Report from the Multimedia Grand Challenge 2010

March 2011


Authors: Cees G.M. Snoek and Malcolm Slaney

By Cees Snoek

The recent ACM Multimedia conference in Florence, Italy covered the second edition of the Multimedia Grand Challenge. An event that is designed to bring commercial industry needs to the attention of researchers. Seven industrial partners led the Multimedia Grand Challenge by identifying issues they think are important to their business and worth further study. The industrial partners pointed out that addressing these challenges would open up new business opportunities and create a richer experience for their users.
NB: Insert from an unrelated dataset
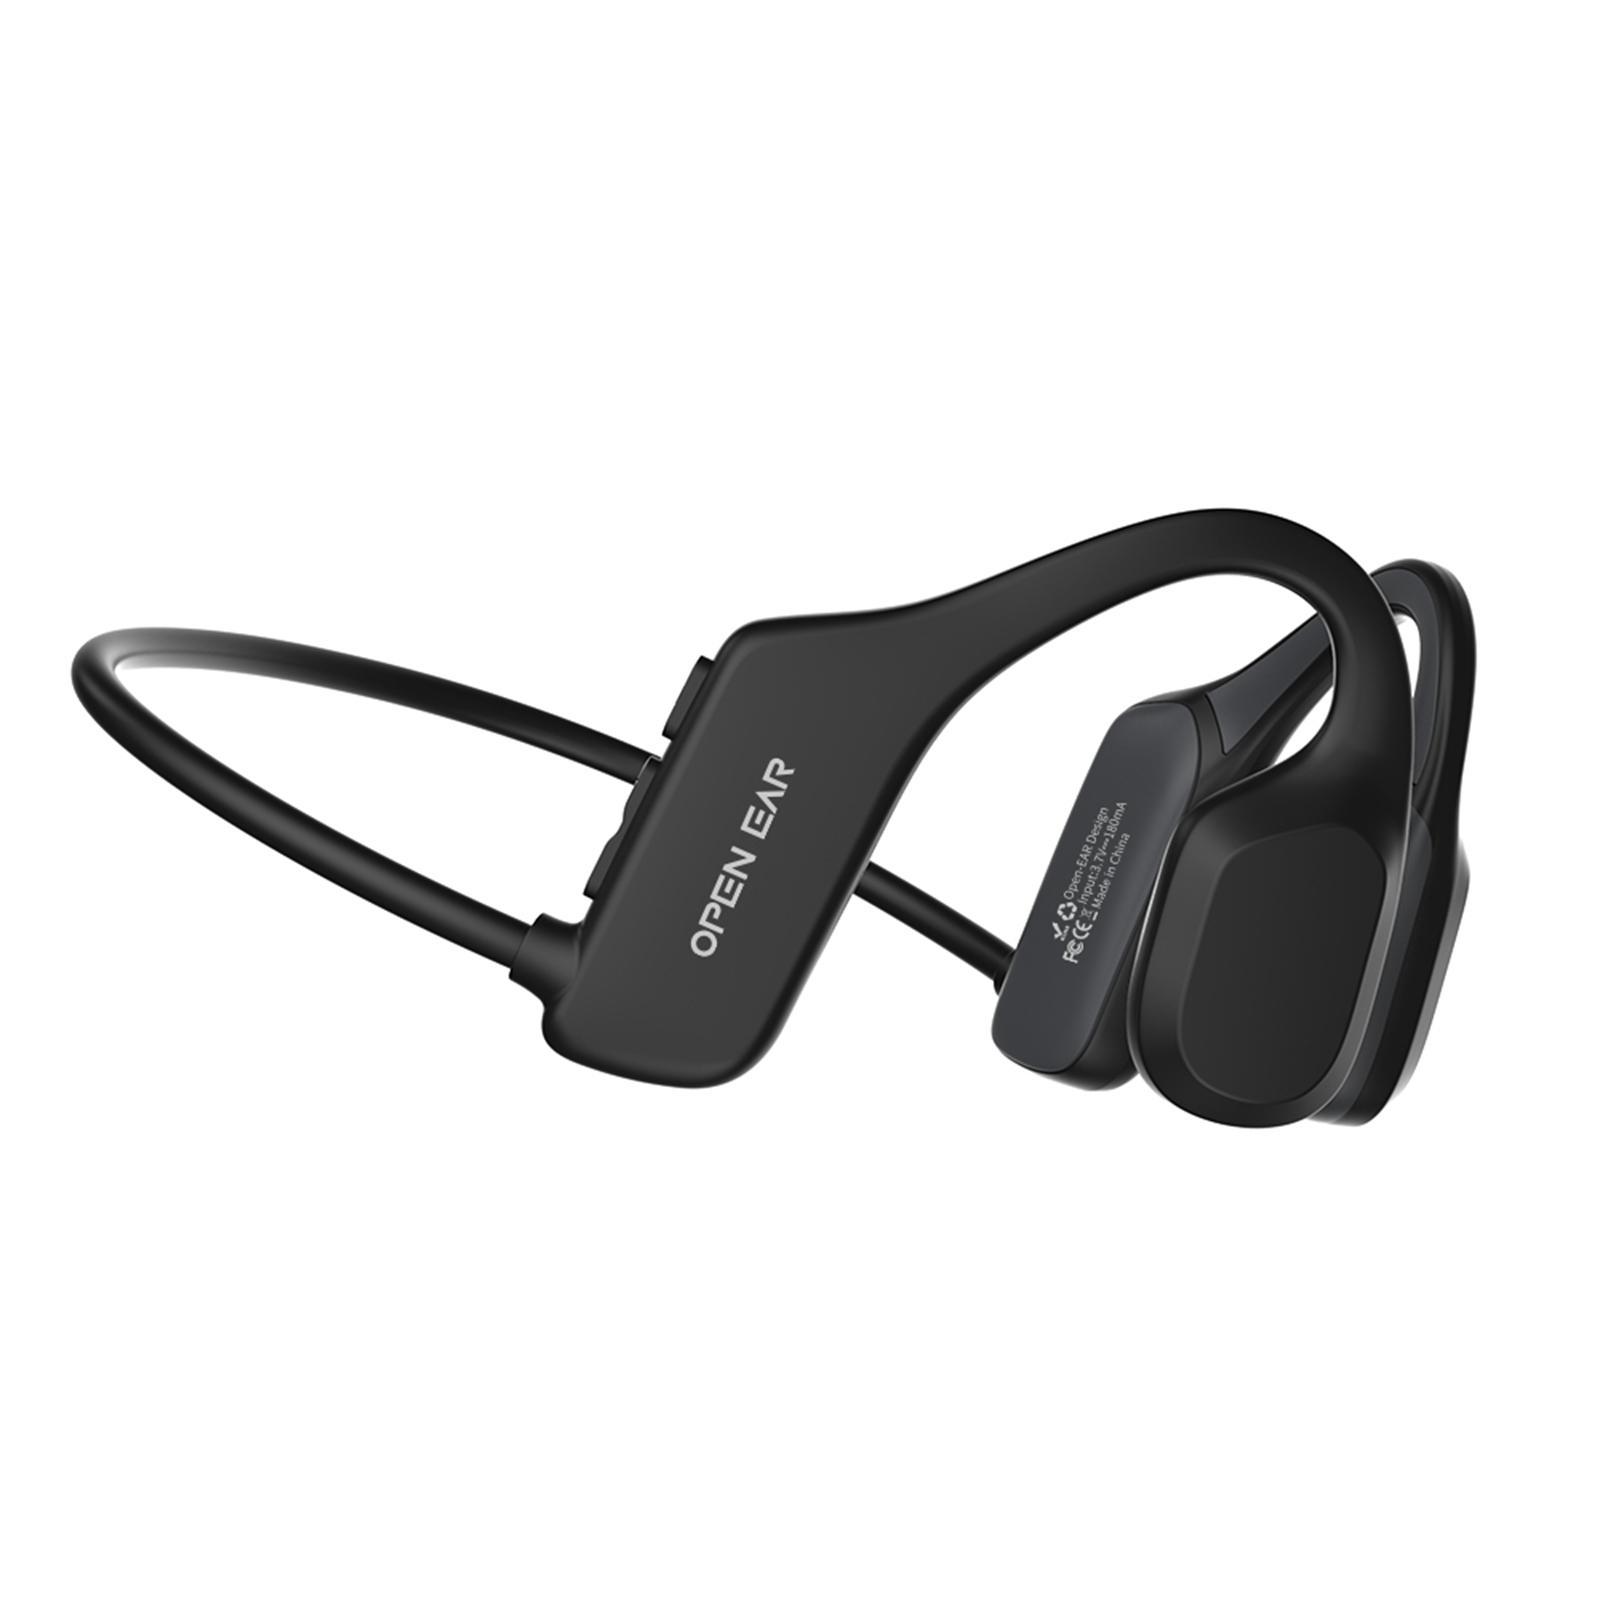 Headphone Open Ear Headphones Portable Earphone for Travel Hiking Workout

In addition, they said they hoped that describing real-world challenges would allow researchers to focus on projects that have a better chance of success in the marketplace. The following 10 challenges were identified in the 2010 edition of the Multimedia Grand Challenge:

  • CeWe: Automatic theme-identification of photo sets. Provide a user with a selection of photo-book styles accommodating the user's preferences for the images in the set, and their preferred structure.
  • Google: Genre classification for video. Automatically classify user-generated videos and their metadata into genres.
  • HP: High-impact visual communication. Create a high-impact collage (and its description) that uses a set of photos to convey information across cultural boundaries.
  • Google: Interactive searching in personal diaries. Develop good schema, algorithms, and user interfaces that make multimedia diaries accessible.
  • Radvision: Multimedia-content adaptation. Adapt, in real-time, the same multimedia content for different receiving devices, in a way that is perceptually optimal for users.
  • Yahoo!: Novel image-understanding. Develop methods that move beyond simple image classification.
  • Nokia: Photo location and orientation. Derive the exact camera poses (location and orientation) for photos that are lacking location annotation.
  • Yahoo!: Robust video segmentation. Develop algorithms to automatically create narrative themes for a given video and present the content to end users in a search-engine experience.
  • 3DLife: Sports-activity analysis in camera networks. Identify the limits in terms of 2D and 3D data extraction from a low-cost camera network for sports, such as tennis matches.
  • Radvision: Videoconferencing experience. Develop new technologies and ideas to surpass the in-person meeting experience.

Together, the problems defined for the Multimedia Grand Challenge cover the full range of multimedia research. The partners contributed their problems, prize money, and data sets to the Multimedia Grand Challenge. Most importantly, they contributed judges, many of whom are directly responsible for multimedia products. In the end, 18 contributions were accepted that together covered all 10 industry problems.

All finalists for the Multimedia Grand Challenge presented their work to the panel of judges in a conference-wide event. Each finalist had three minutes to present the idea in a format that mixed an elevator pitch with a show like American Idol. After an energetic session led by master of ceremony David Ayman Shamma, the industry partners decided on the three winners. First prize of US$1,500 dollars went to Jana Machajdik, Allan Hanbury, and Julian Stöttinger who are affiliated with Vienna University of Technology and the Information Retrieval Facility, both in Austria. Machajdik presented their solution to the challenge on novel image-understanding methods. The winning idea is a system able to search for images with a requested emotional effect-such as images being cute, fearful, or sad. The second prize of US$1,000 dollars went to Wei Song, Dian Tjondronegoro, and Ivan Himawan who are all affiliated with Queensland University of Technology, Australia. Tjondronegoro presented their solution to the challenge on multimedia content adaptation. The third prize of US$500 dollars went to Julien Law-To, Gregory Grefenstette, Jean-Luc Gauvain, Guillaume Gravier, Lori Lamel, and Julien Despres who are affiliated with Exalead, LIMSI CNRS, and Vecsys Research, all in France. Law-To presented their solution to the robust video-segmentation challenge. While not all participants won prize money, everyone did go home with the message that solving real-world industry problems can be as challenging as research.

There will be another Multimedia Grand Challenge at ACM Multimedia 2011 in Scottsdale, Arizona. Hope to meet you there.